= Requirement =
Copy every line of the data that contains the string "Nike".

= Dataset excerpts =
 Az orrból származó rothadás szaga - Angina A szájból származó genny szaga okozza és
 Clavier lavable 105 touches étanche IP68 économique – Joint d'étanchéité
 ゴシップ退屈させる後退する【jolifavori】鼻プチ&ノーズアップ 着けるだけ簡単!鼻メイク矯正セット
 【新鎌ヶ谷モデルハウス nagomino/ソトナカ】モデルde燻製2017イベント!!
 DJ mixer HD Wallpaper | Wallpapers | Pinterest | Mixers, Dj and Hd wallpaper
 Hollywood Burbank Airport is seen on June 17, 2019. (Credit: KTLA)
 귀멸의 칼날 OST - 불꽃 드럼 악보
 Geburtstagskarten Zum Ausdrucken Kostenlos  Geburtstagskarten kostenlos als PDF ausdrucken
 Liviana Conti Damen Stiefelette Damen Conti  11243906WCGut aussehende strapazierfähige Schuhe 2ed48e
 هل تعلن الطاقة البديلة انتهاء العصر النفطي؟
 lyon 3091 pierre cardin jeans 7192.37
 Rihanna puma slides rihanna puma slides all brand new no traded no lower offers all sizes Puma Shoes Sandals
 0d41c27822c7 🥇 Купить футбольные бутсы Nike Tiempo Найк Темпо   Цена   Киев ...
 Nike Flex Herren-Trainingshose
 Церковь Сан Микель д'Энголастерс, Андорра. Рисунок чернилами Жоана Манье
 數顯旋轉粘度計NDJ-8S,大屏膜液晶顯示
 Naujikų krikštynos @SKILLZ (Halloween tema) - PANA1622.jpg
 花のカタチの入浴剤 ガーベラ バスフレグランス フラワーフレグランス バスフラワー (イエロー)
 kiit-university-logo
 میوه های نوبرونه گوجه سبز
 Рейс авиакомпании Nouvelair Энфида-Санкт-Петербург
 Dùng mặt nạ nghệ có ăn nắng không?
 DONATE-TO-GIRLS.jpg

= Task result =
 0d41c27822c7 🥇 Купить футбольные бутсы Nike Tiempo Найк Темпо   Цена   Киев ...
 Nike Flex Herren-Trainingshose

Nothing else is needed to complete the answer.